Ah right - my lectures are in SOAS buildings - all very incestuous! How're you finding it?
This is supposed to contrast with the much simpler humanities disciplines, where it's all wisyh-washy opinion based no right answers type of stuff. Except there are obviously conceptually very advanced theories in the humanities (Foucault, e.g.), and a lot of the conceptually advanced stuff requires a similar approach to learning as maths or other STEM subjects.
Classes are pretty good. But as a first year undergrad at the age of 23, other first year students have come as a bit of a shock. Everyone seems so very, well... young. I didn't think the age difference was that much, but it really is. I imagine I'll get over it. Probably need to find more graduates to hang out with.
You could be right about that. I can only speak to what I know: the people I work with (social scientists) all have something to say, they're just generally not too good at saying it, and it all tends to come out in this generic academese. I think that this is a fairly common problem in the social sciences. A social scientist who can actually write is a rare thing indeed.
I'd have to agree - but it seems so much simpler to write well/clearly than to write in general academese, in principle..
The reason to use specialised vocabulary is that it makes communication with other experts in a given field more easy.
I think taking a few years 'out' before university should be mandatory.
The opposite is true, as you will find out in a few years, when you'll begin to be at the top of your field. Writing about a specialised subject in a non-technical language (without loosing precision) is difficult and for many advanced sciences essentially impossible. The reason to use specialised vocabulary is that it makes communication with other experts in a given field more easy. You can take all the mathematical texts in the world and express them in everyday language. The price of this translation is that texts would increase in length by a factor of 5000.
Just stop whining and start learning the terms of your chosen trade.
Again, I'm not so much referring to specialised vocabulary, as much as a specific kind of sentence structure. I can't emphasise this enough (well, I can...)!
To your second paragraph: Don't be such a patronising twat, please! Thank you. You wouldn't say that to me in person (although, sigh, you'll probably claim that you would), so don't be insulting over a message board.
But as a first year undergrad at the age of 23
I have been know to groan frequently when authors give a concrete example of what they have been arduously explaining in complex theoretical prose over the past few pages, my reaction being....well, if that's what you meant, why didn't you say it?
This was what really got me (I did philosophy).

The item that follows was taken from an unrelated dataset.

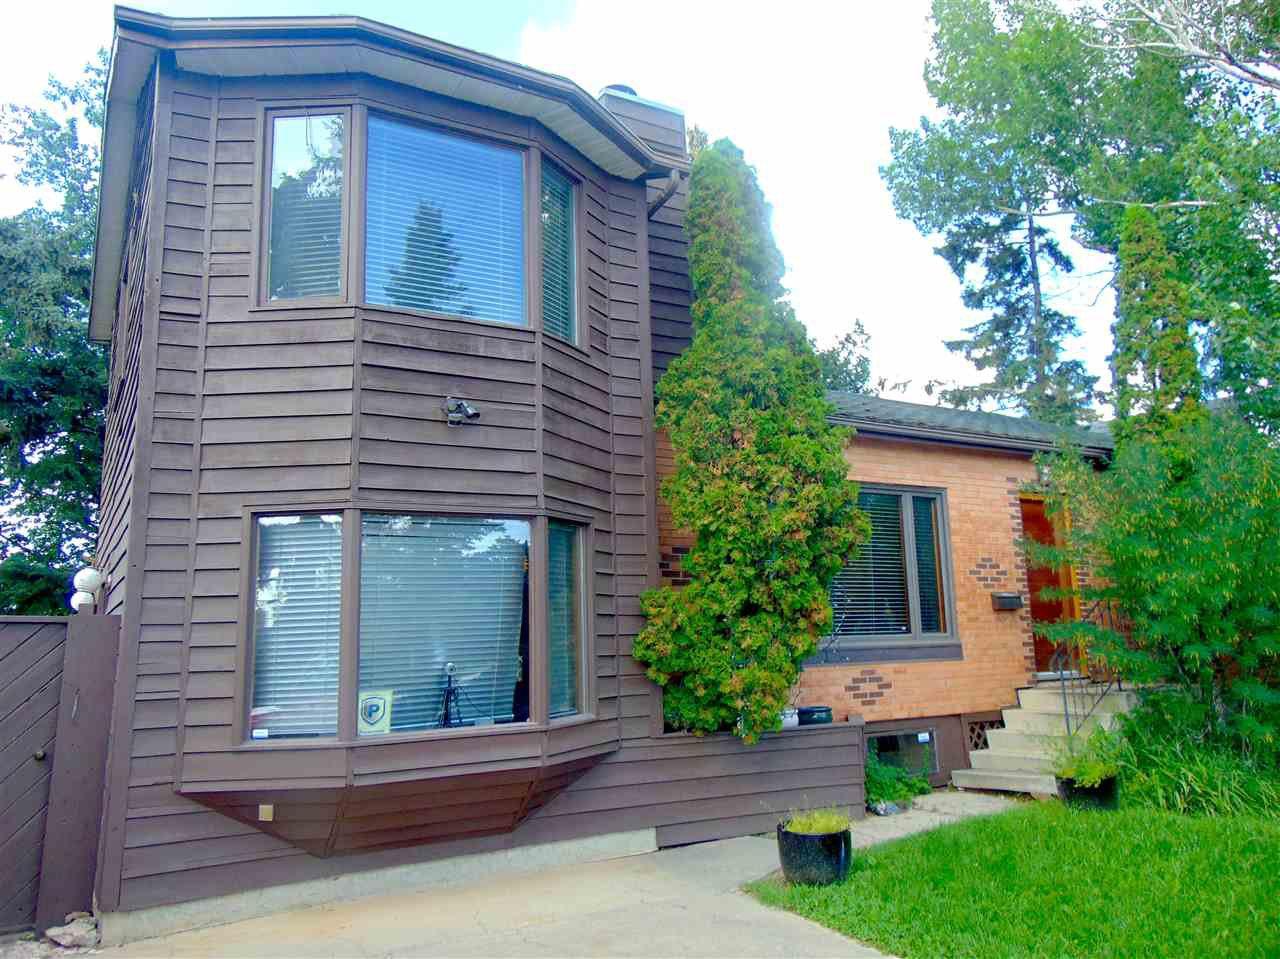 Main Photo: 11026 110 Avenue in Edmonton: Zone 08 House for sale : MLS®# E4168139

So often I just found myself thinking 'get to the point'. Sometime this is just because they want to be rigorous, discounting every possible alternative before moving on, but others it is because they are just following tenuously related lines of thought that could easily be cut from the paper/book with no real loss. Then there is Plato whose dialogue format means you have to read through what seems like pages and pages of "of course, it couldn't be any other way Socrates".

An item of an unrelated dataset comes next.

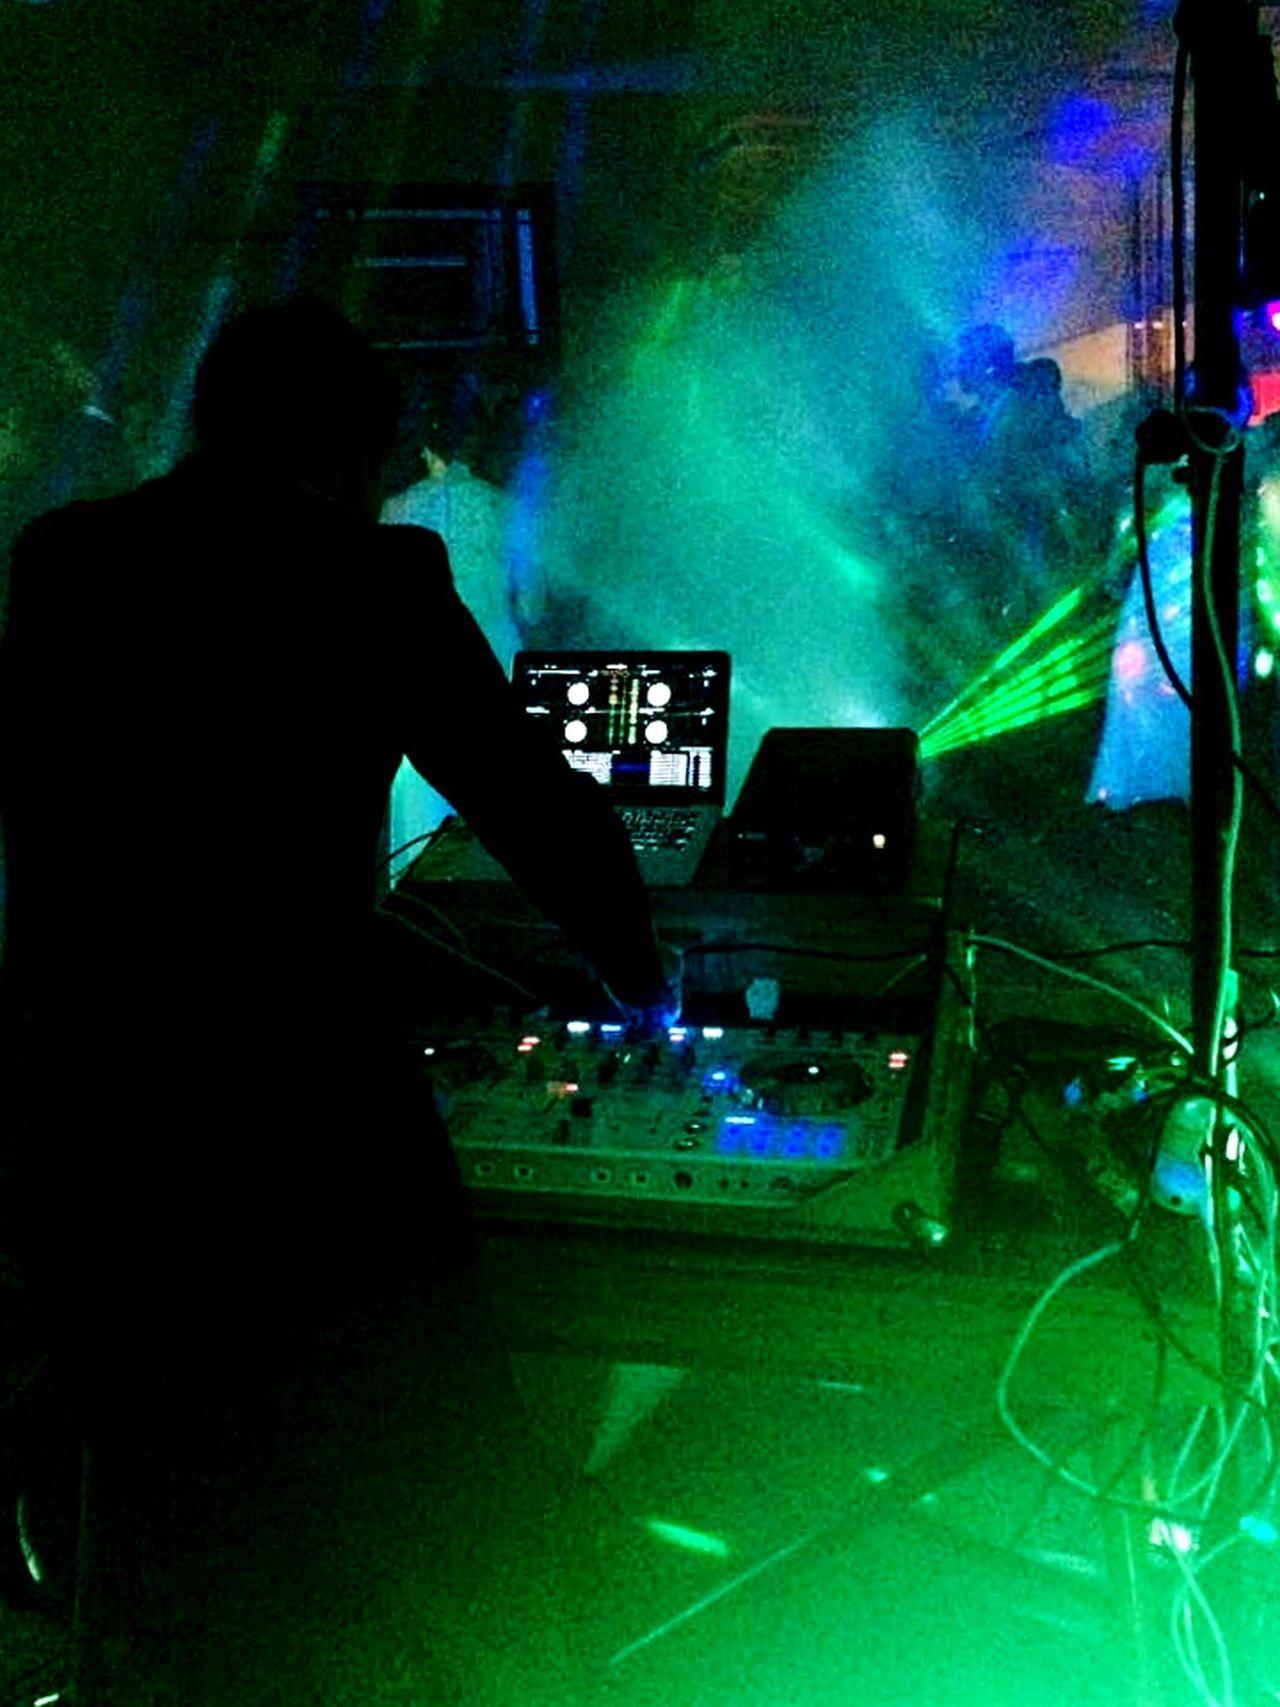 Whangarei Girls high Ball DJing Pioneerdj Nightclub Music Myjobdoesntsuck DDJ-SX Professional Bestjobever Performance Stage Lights Beer Bitchdontkillmyvibe💤💤

Unclear expression benefits poor arguments yet does good ones a disservice - and the writer knows this.
In my head, Birkbeck is home to the most pretentious, irritating academics and the most academese academese. Maybe I'm confusing all the Zizekregore doing stuff at Birkbeck with all of Birkbeck being in the Zizekregore, though.
1st yr undergrad at 25, tell me about it. but it's actually not all that uncommon these days - here at least, can't speak to the UK - and esp. b/c I'm doing my first 2 yrs worth of credits at a community college to save $ (b/c of the crazy system we have here, I pay ~$2,000 a semester right now, as opposed to ~6-7K/semester at a 4 yr state school or 14K/semester & up at a private school. yes, it's a very crazy system). there are loads of older students, both those going for the first time & those going back to get more training or retrain for a new career. most of the time, there are at least half a dozen people in the class my age or older.
I find that it really depends on the class tho - like English 101-102 are full of kids right out of high school. plus no one wants to be there, they're just fulfilling prerequisites, so those classes are pretty dreary (tho I still enjoy writing papers). OTOH, all my science course have had a much bigger age range and people studying things that they're interested in or which are at least relevant to their majors so they're compelled to put the effort in. not a lot of academese, either, tho I'm not doing any social sciences beyond the prereqs (which I'd gladly skip if possible).
I dunno, I can't say I'm glad I didn't go to school earlier, but I certainly don't regret anything either.